Her thesis advisors pushed her to delve deeper into the research, which evolved into surveying aviation students about their perceptions of the Federal Aviation Administration's mental health regulations.
"There's a huge stigma and a huge understanding between pilots and the industry as a whole that reaching out for help means we'll never be able to fly an airplane again," says Stein. "I don't think what you do (in your occupation) should prevent you from getting the access to care that we all need as human beings."
Administrators in the College of Aviation told Stein they are interested in seeing the full results of her project and potentially implementing some changes to better support aviation students in the future.
"I'm working with my thesis chair, Jessica Birnbaum, trying to see what it would look like to not only educate students but faculty, staff and flight instructors as well about how we can do better as a college on this issue," she says. "The college has been nothing but supportive of what I want to do and given me every access and every tool that I could ever need to succeed."
Just days from graduation, Stein is ready to take off from Western and start her career ascent.
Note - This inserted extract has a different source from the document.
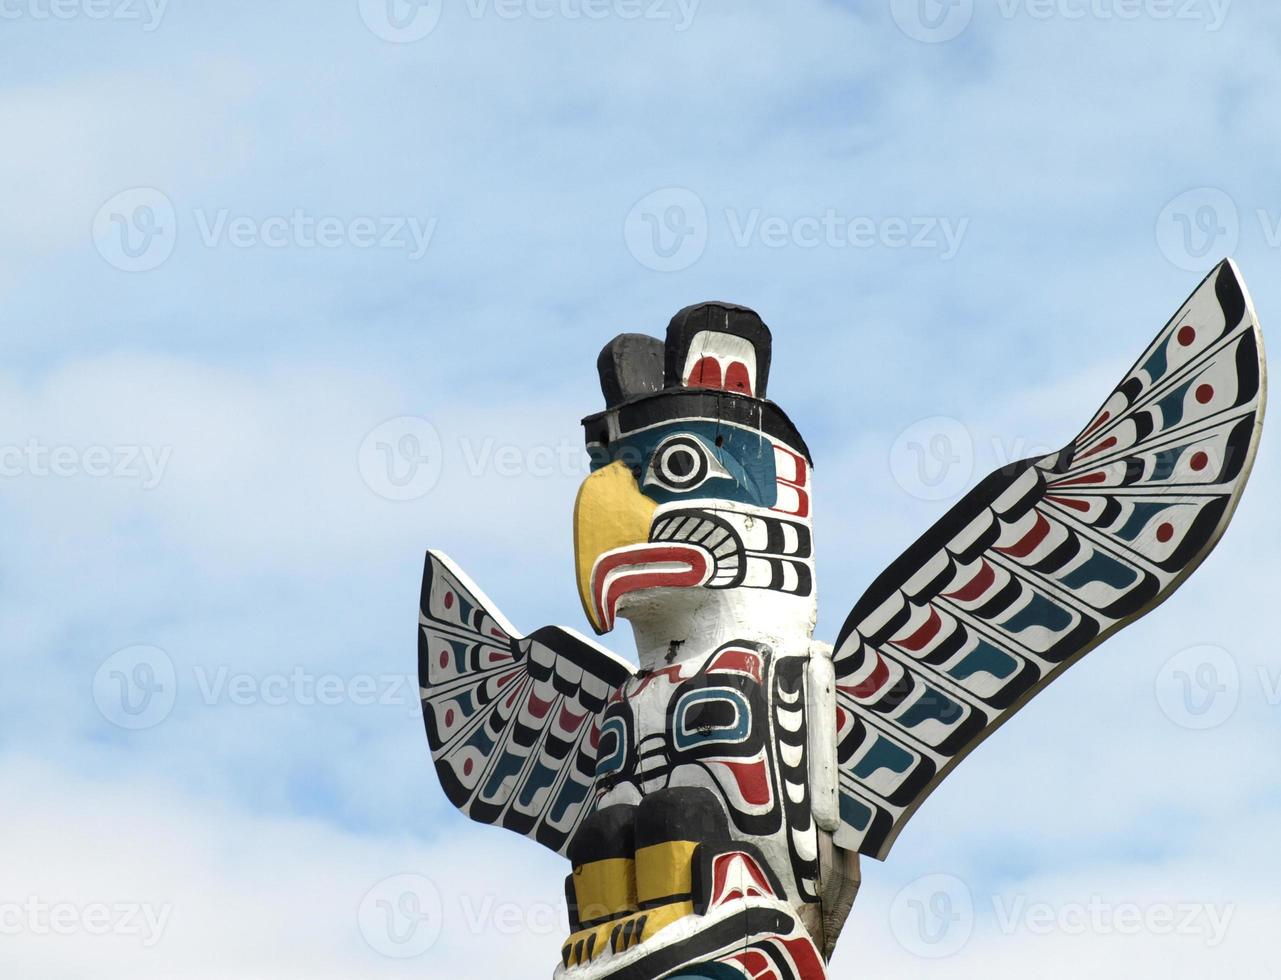 North American Totem Pole photo

She plans to pursue a job opportunity as a flight instructor in Indiana and rack up the flight hours needed to become a commercial pilot while "continuing to pursue the things I love like more diversity in aviation, letting kids of all backgrounds know this is an opportunity for them—not just flying … but maintenance, management. We need every single job in the aviation industry in order to meet demand," she says. "I'd like to make an impact in my local community, you know, do some good in the world around me wherever I can."
Eventually, she may become a commercial airline pilot or airline administrator. Whatever the path, Western has equipped Stein with the tools to confidently pursue those goals.
"I often describe myself as the shy, introverted kid who had a lot of passion and a lot of drive for things, but I didn't really know where to place it or what to do with it. And I think coming (to Western) really taught me that there's a place for every passion and there's a mechanism for every drive you have to do things."